What is required -
In the material below, find the line with "APIVIA_COURTAGE_GROUPE_MACIF_RVB"; set down that line and every line after it to the end, exactly, without pictures.

Start of Data provided

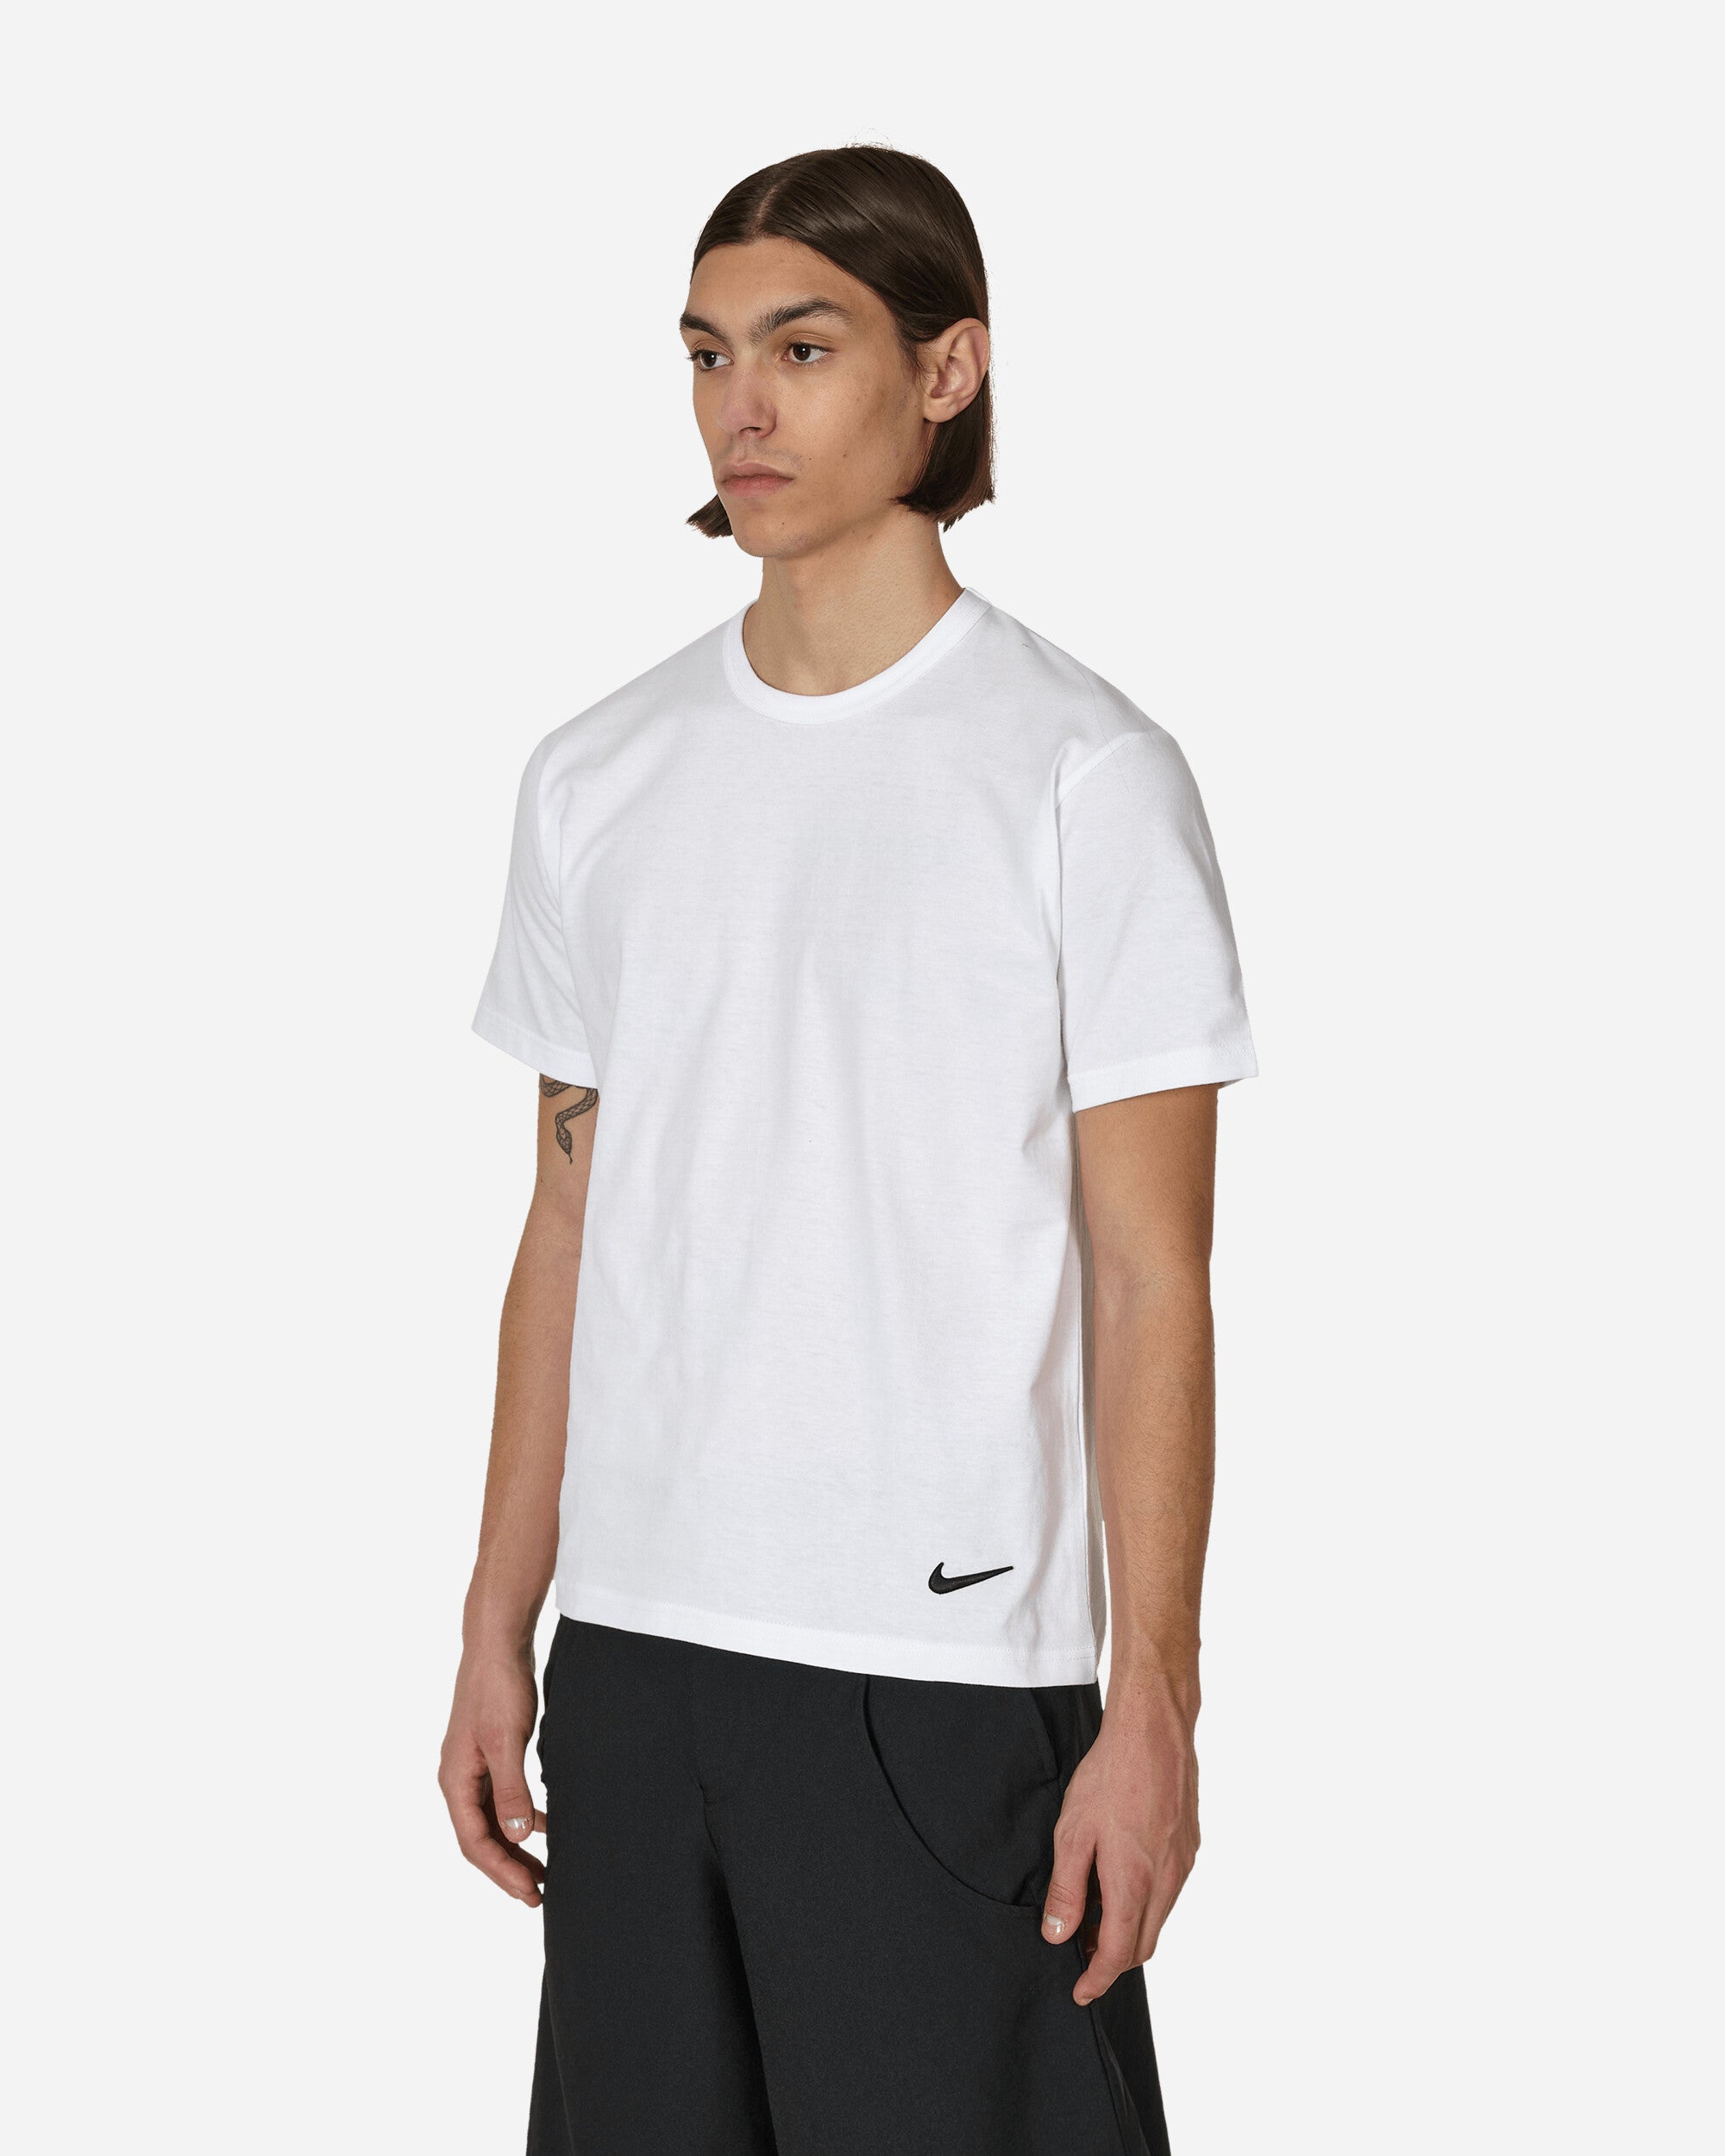 Comme Des Garçons Black T-Shirt White/Black T-Shirts Shortsleeve 1K-T107-S23 2
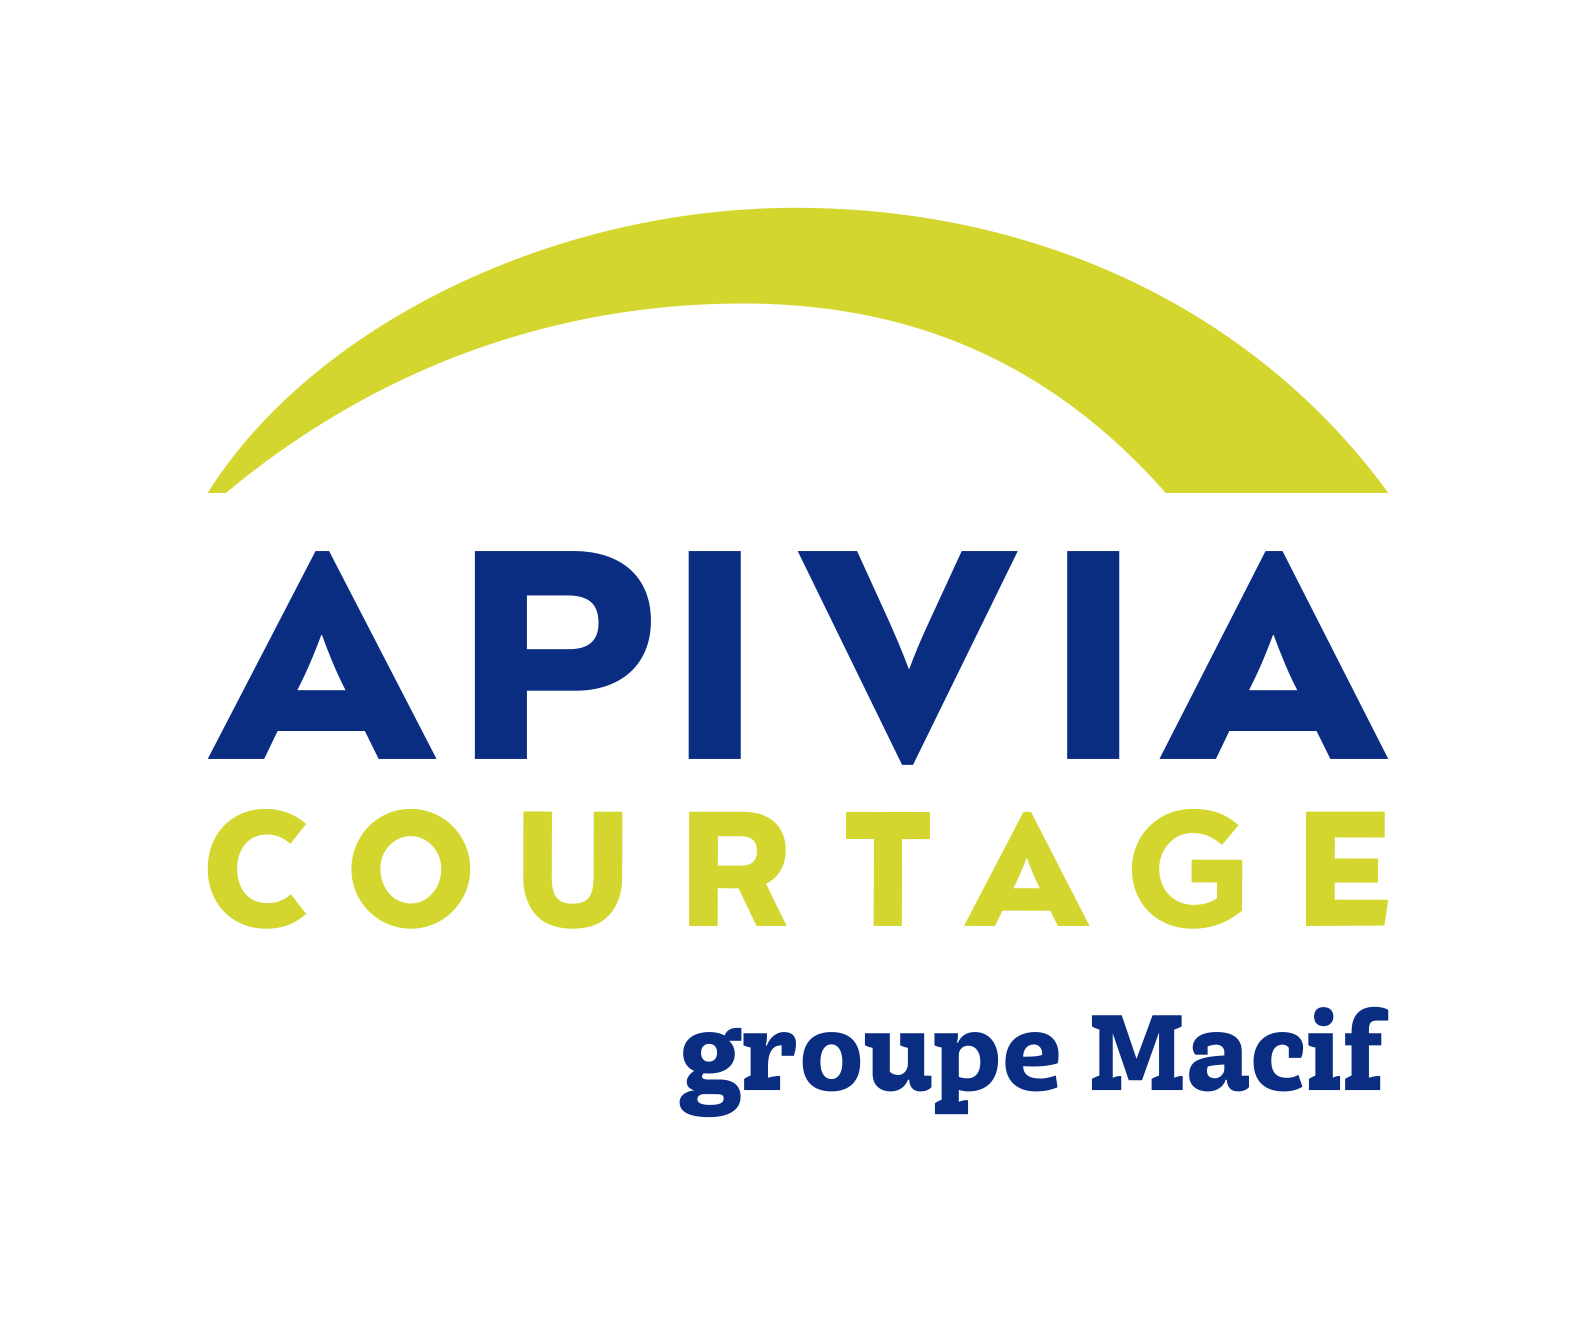 APIVIA_COURTAGE_GROUPE_MACIF_RVB
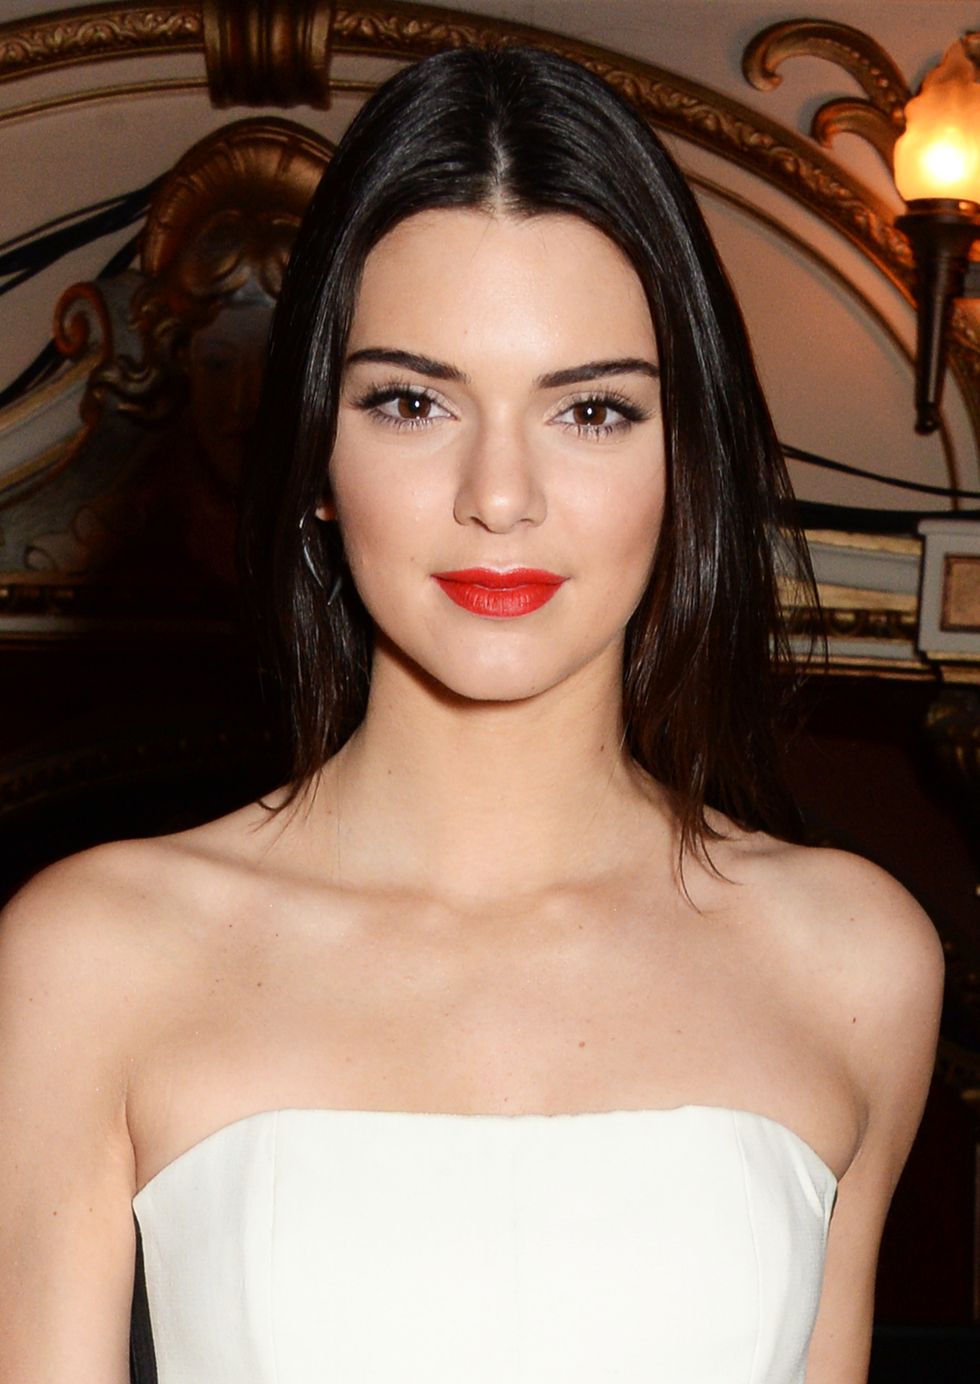 Kendall Jenner at BFAs 2014 - British Fashion Awards 2014: Celebrity beauty looks

End of Data provided

Solved exercise -
 APIVIA_COURTAGE_GROUPE_MACIF_RVB
 Kendall Jenner at BFAs 2014 - British Fashion Awards 2014: Celebrity beauty looks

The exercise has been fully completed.